The NNI Inquiry panel reported on 21 st March 2003. In its summary the Panel concluded, among other things, that "the research was carried out in serious breach of ethical guidelines which are applicable in Singapore as well as internationally. The PD [Parkinson's Disease] patients' rights were disregarded and their safety and well-being were compromised in the course of the research." The panel decided that Professor Shorvon and Dr Ramachandran (the Project Manager) "decided to bypass the then PD patients' treating neurologists" in order to obtain blood samples from patients. In addition, the panel concluded that it was decided to undertake Levo-Dopa testing, and to request certain patients to alter their prescribed Levo-Dopa medication, without the patients being fully informed and without their treating neurologists being told. Various other findings were made. Overall, the essential conclusions, among others, were:

12.1. Patient records were disclosed to the project team without patients' consent; and it was deliberately decided not to seek ethics approval for accessing patients' records.

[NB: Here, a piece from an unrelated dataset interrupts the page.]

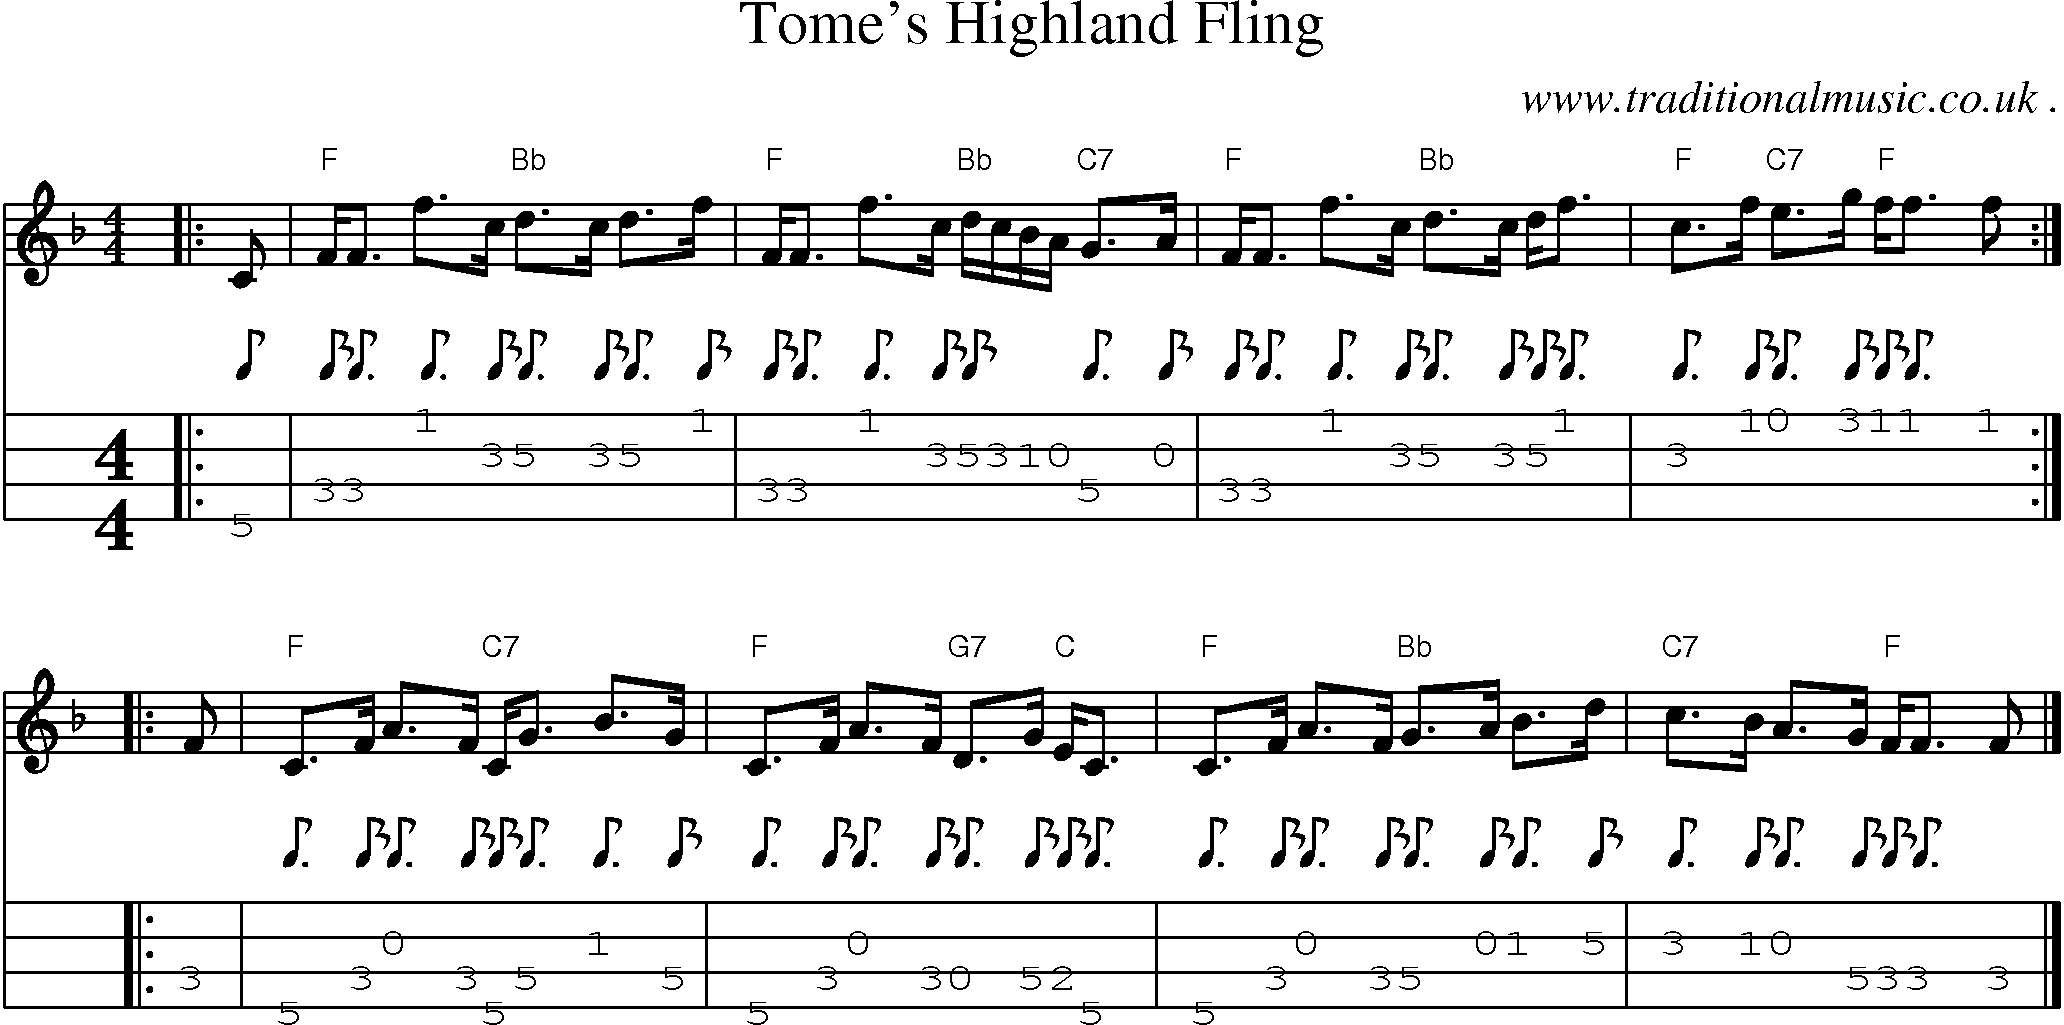 Sheet-music  score, Chords and Mandolin Tabs for Tomes Highland Fling

12.2. No ethics approval had been obtained for the Levo-Dopa testing (in contrast to the obtaining of blood samples): this was a breach of proper professional practice and ethical guidelines.

12.3. The well-being and safety of the PD patients had been compromised by reason of the alteration to or omission of their prescribed dosages. The Panel found it "quite unacceptable and unethical" that the patients' treating neurologists were not consulted; and that the Levo-Dopa testing and omission of medication was not done under clinical observation. The Panel stated that: "The patients were treated like experimental subjects without any rights… the patients' welfare was disregarded… the way the testing was done compromised patients' well-being and safety. Such a procedure of testing on human subjects would not be acceptable in any civilised society."

12.4. The Panel further concluded that patients were not told clearly about the Levo-Dopa testing: some...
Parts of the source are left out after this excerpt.